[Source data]

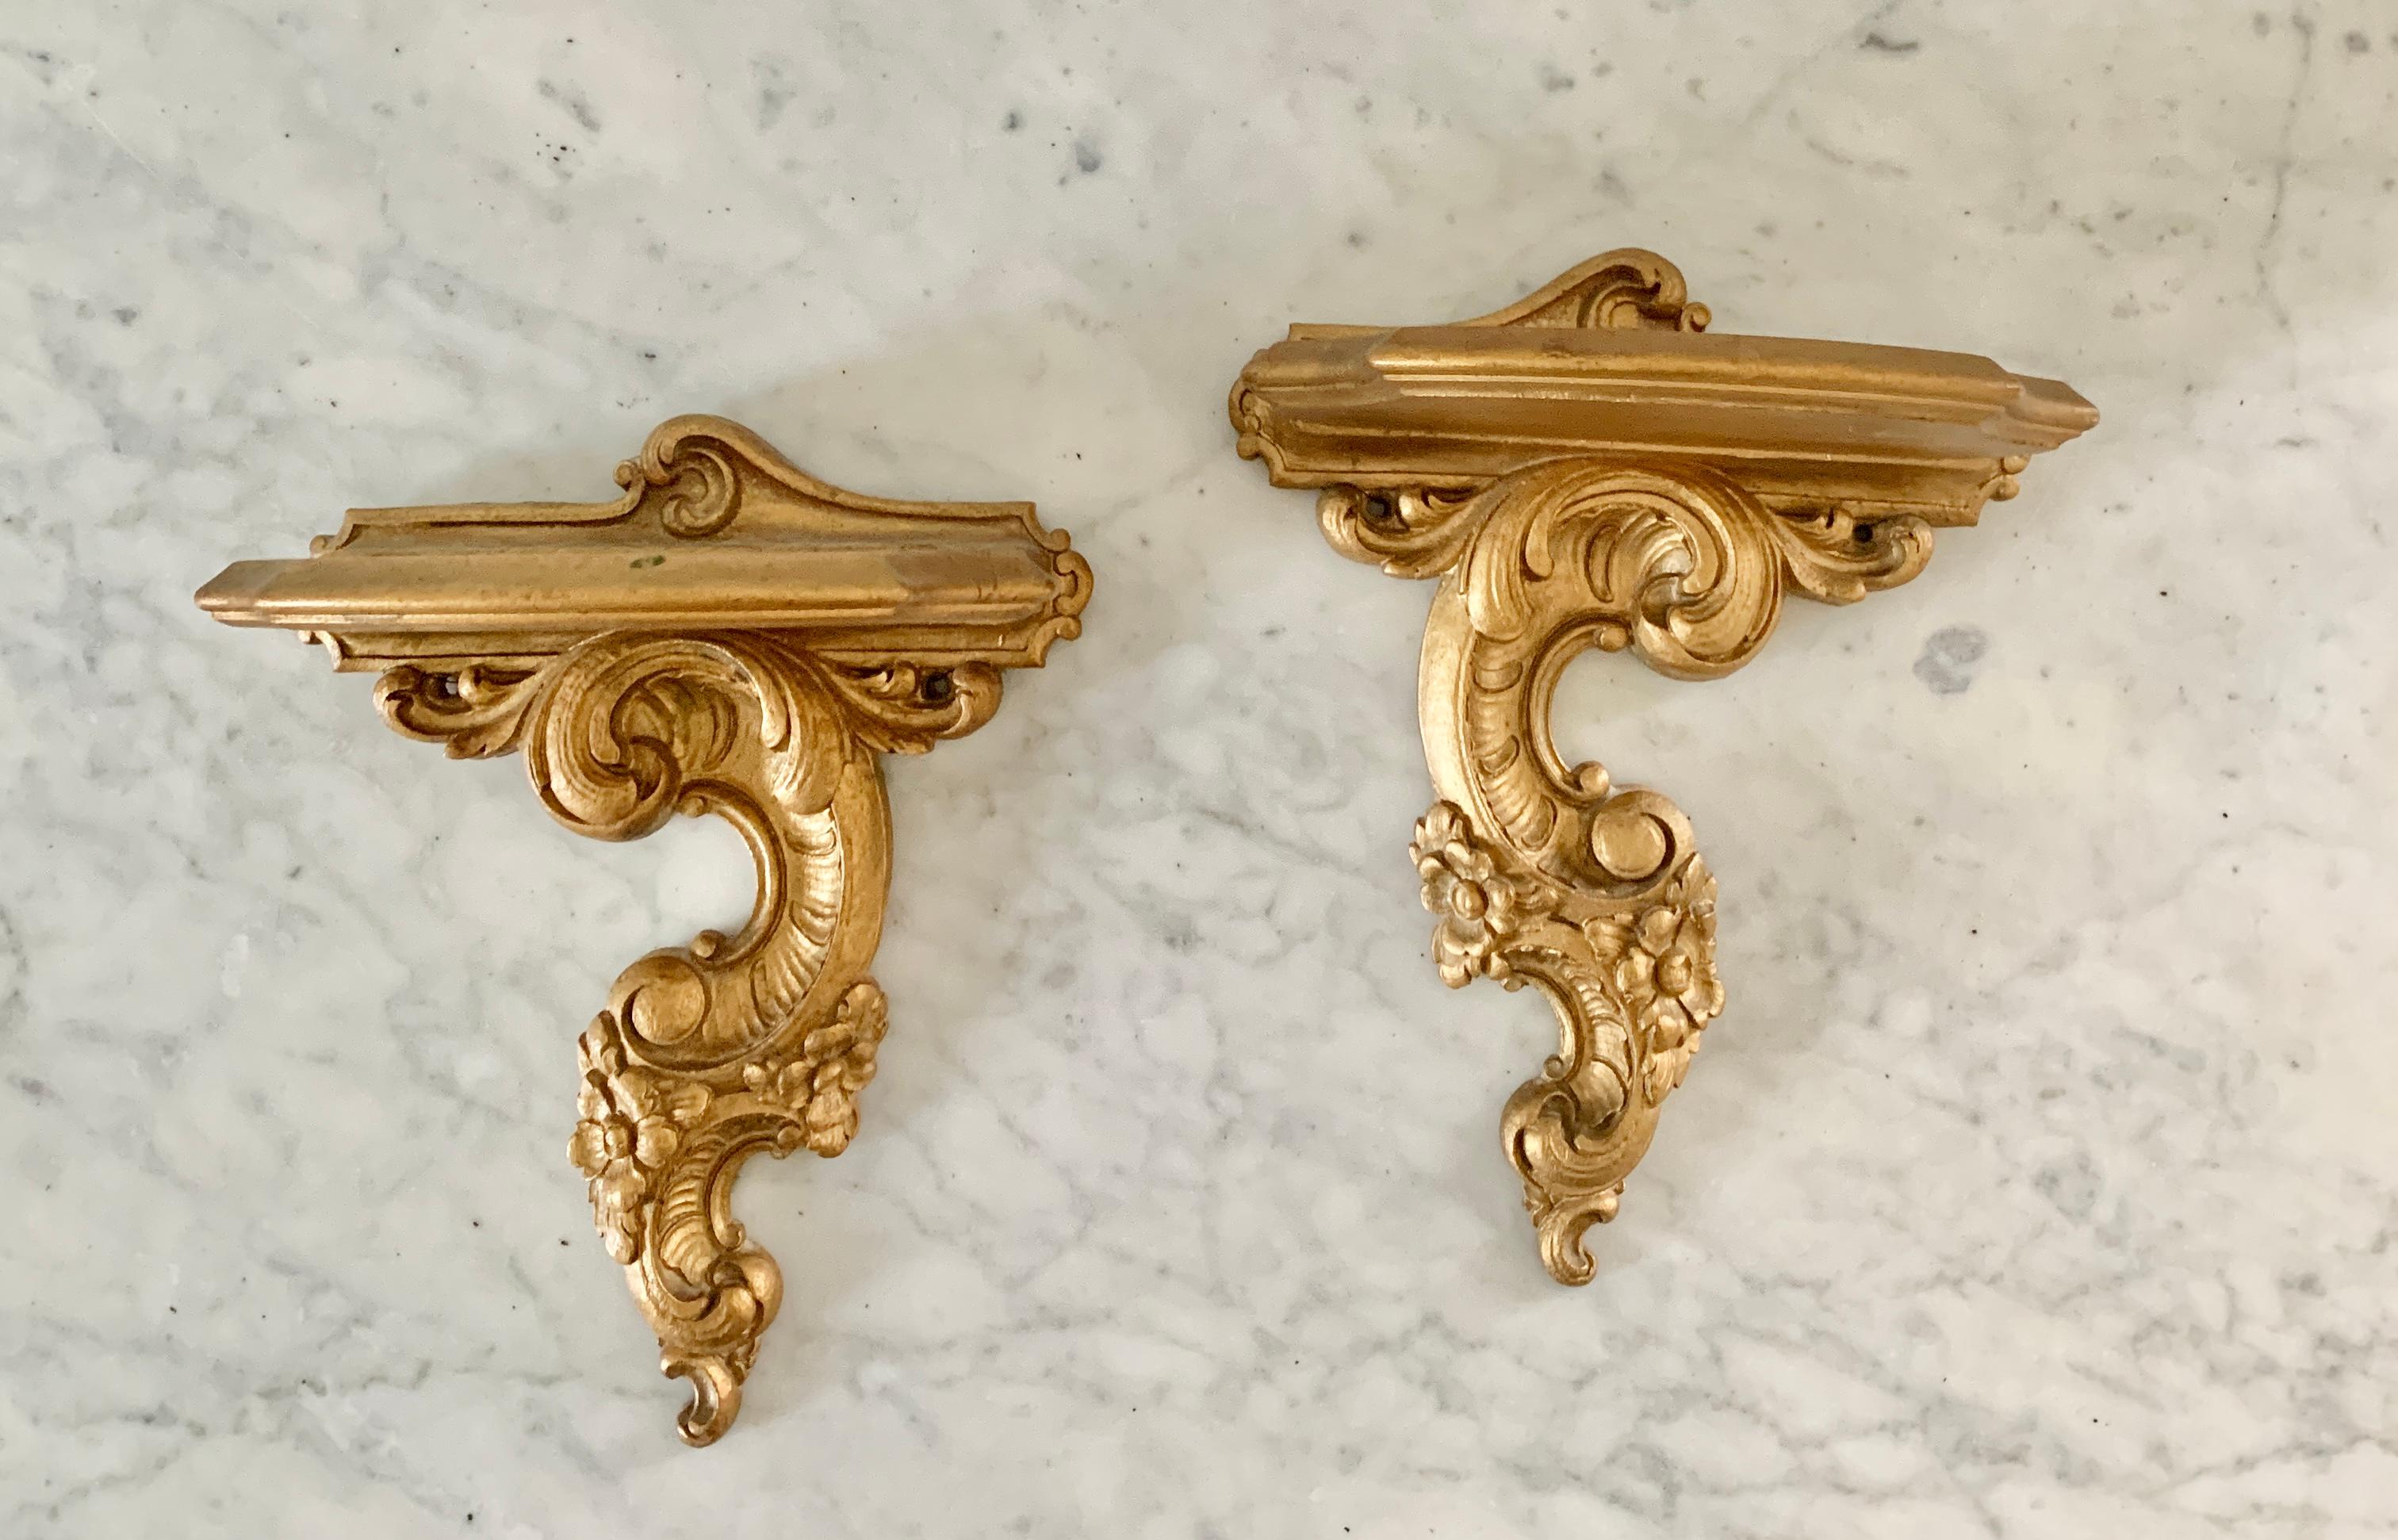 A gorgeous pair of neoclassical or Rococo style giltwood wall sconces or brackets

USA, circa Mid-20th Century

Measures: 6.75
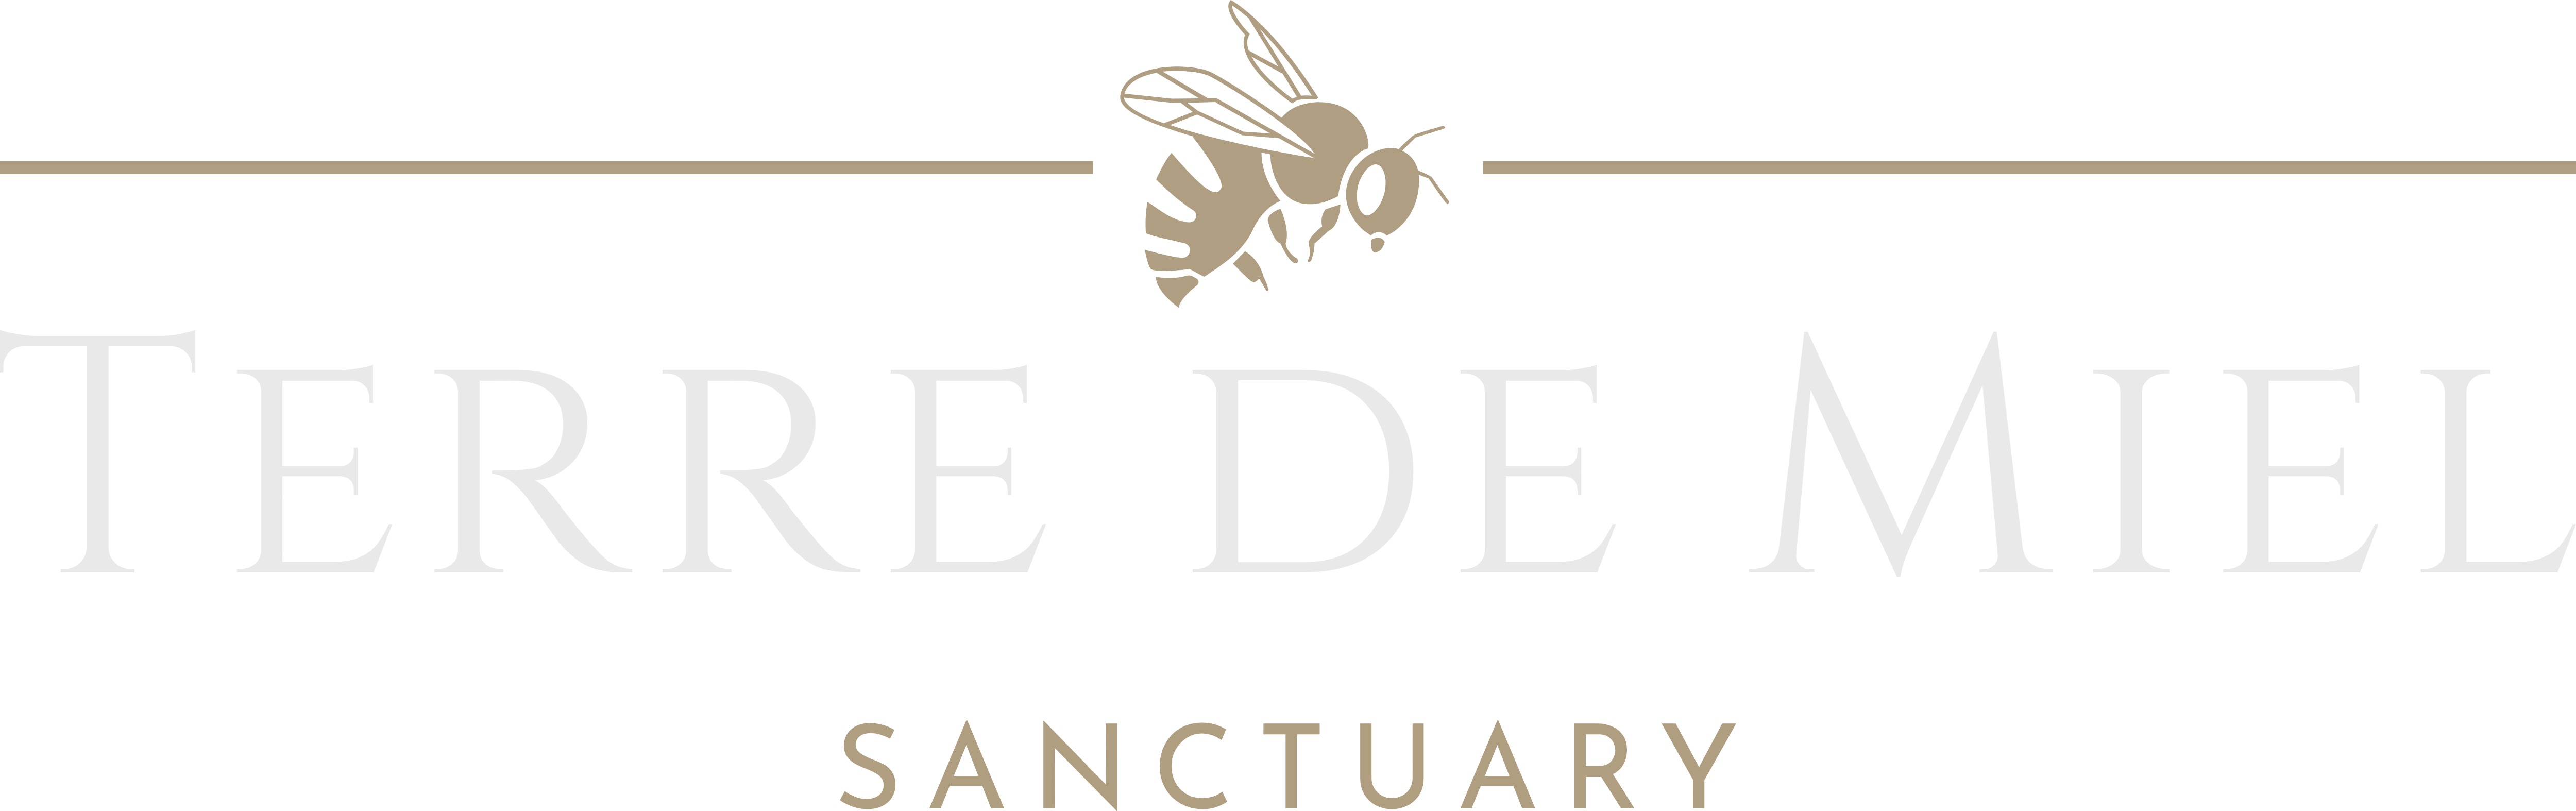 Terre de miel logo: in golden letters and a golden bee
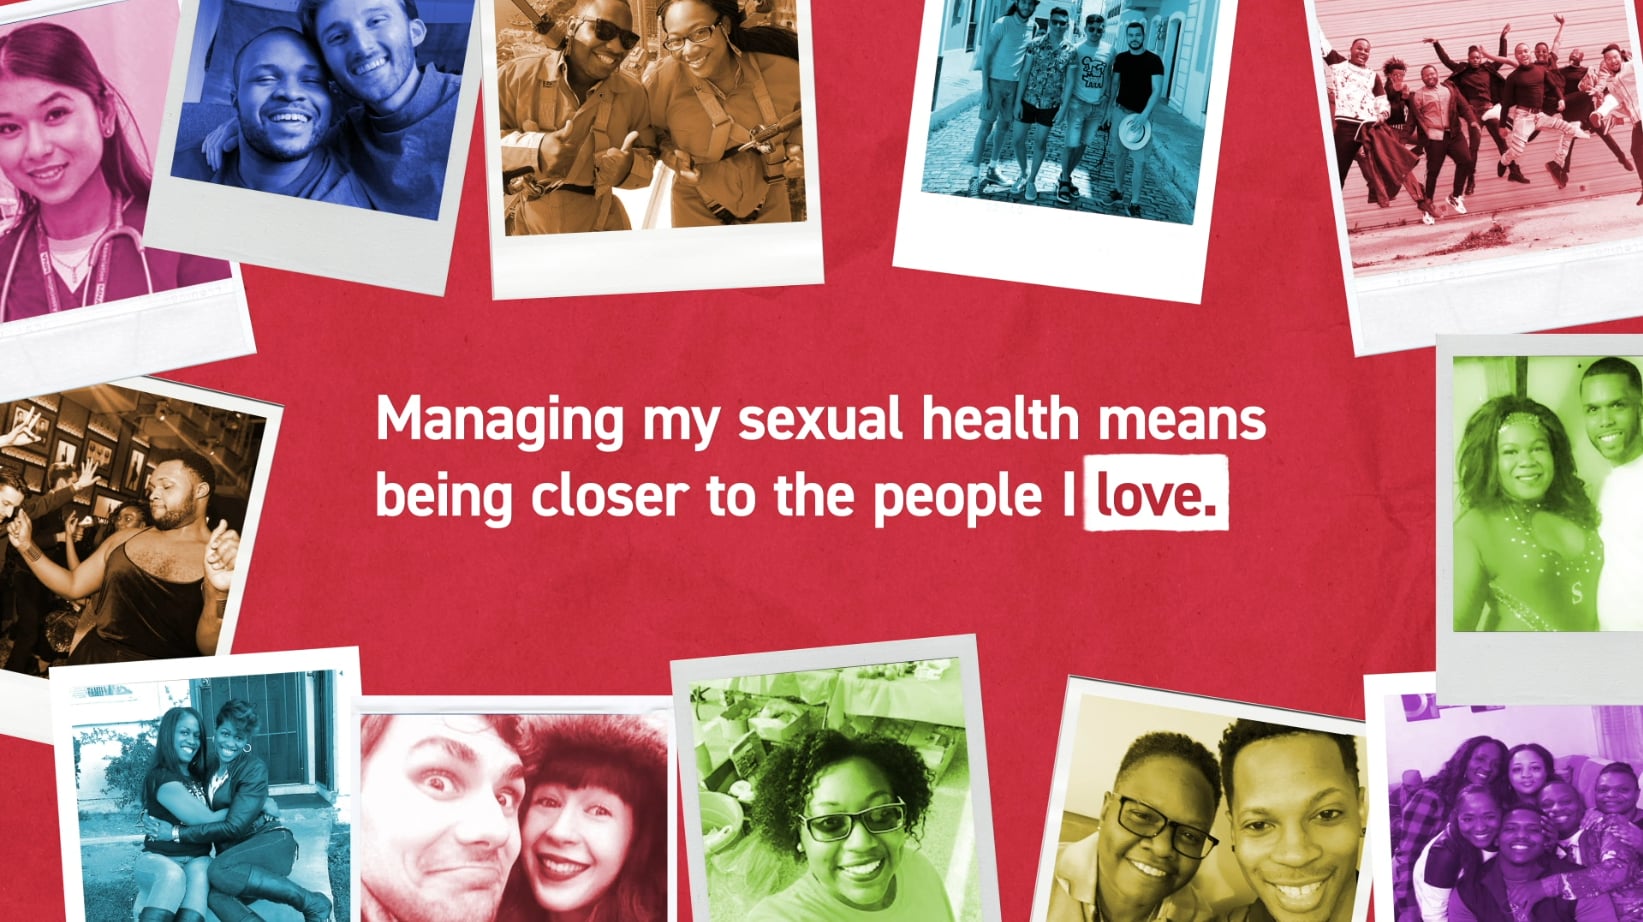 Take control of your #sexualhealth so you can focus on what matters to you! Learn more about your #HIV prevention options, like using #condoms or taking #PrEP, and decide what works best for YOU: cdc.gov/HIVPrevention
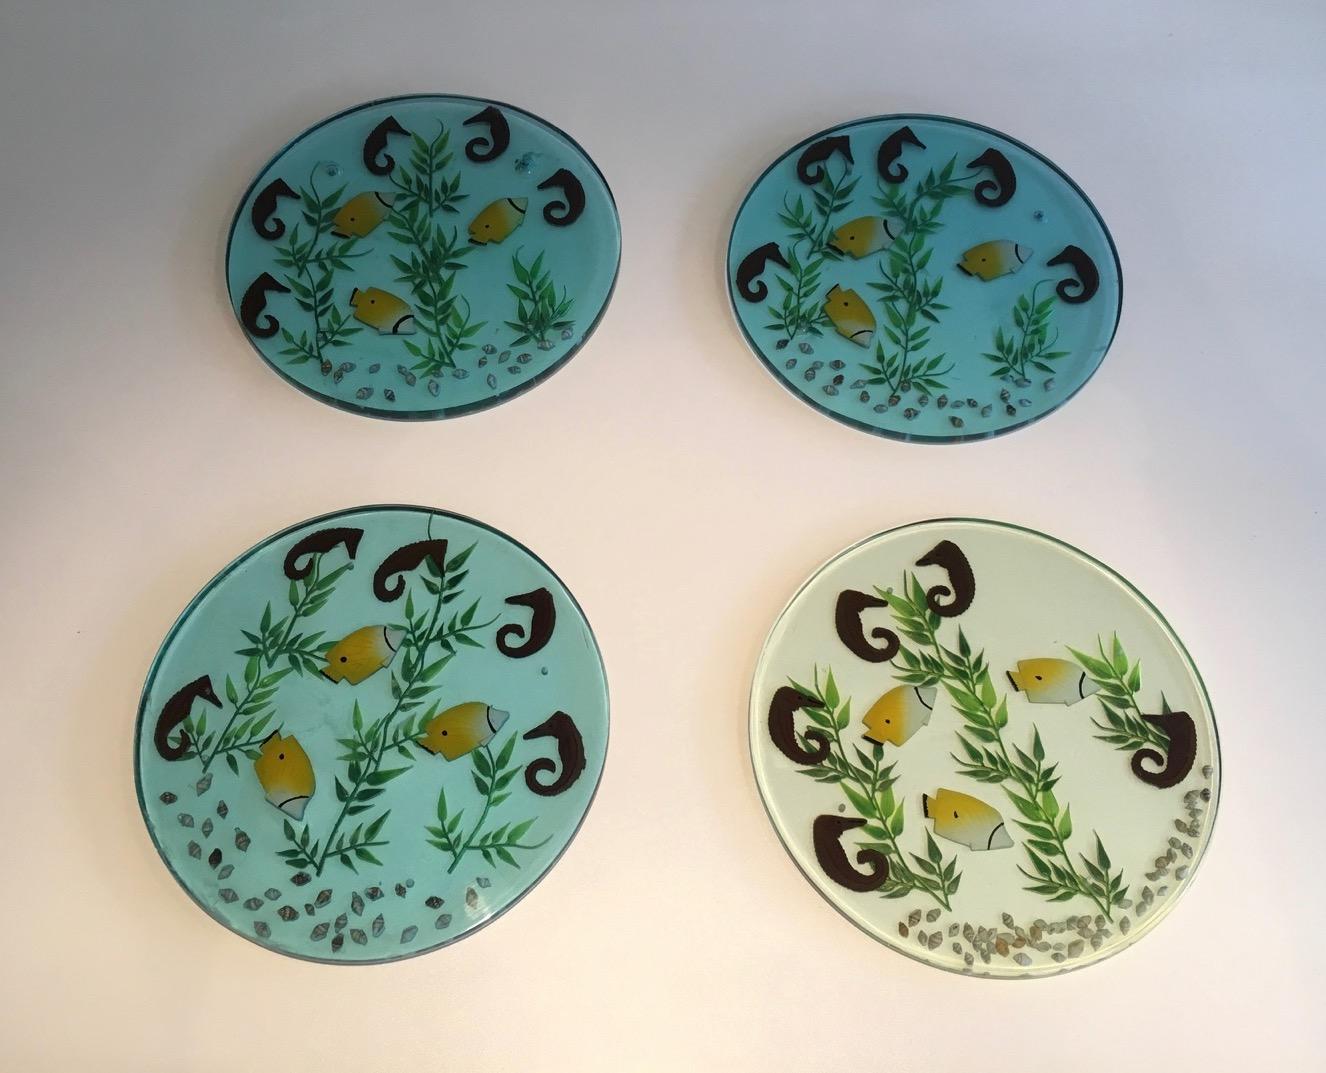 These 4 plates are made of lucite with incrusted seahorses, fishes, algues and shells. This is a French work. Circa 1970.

[Problem requirements] Word for word, give again the lines from the line with "Measures: 6.75" through the end of the records above, with both ends included and the pictures left out.

[Solution to this task]
Measures: 6.75
 Terre de miel logo: in golden letters and a golden bee
 Take control of your #sexualhealth so you can focus on what matters to you! Learn more about your #HIV prevention options, like using #condoms or taking #PrEP, and decide what works best for YOU: cdc.gov/HIVPrevention
 These 4 plates are made of lucite with incrusted seahorses, fishes, algues and shells. This is a French work. Circa 1970.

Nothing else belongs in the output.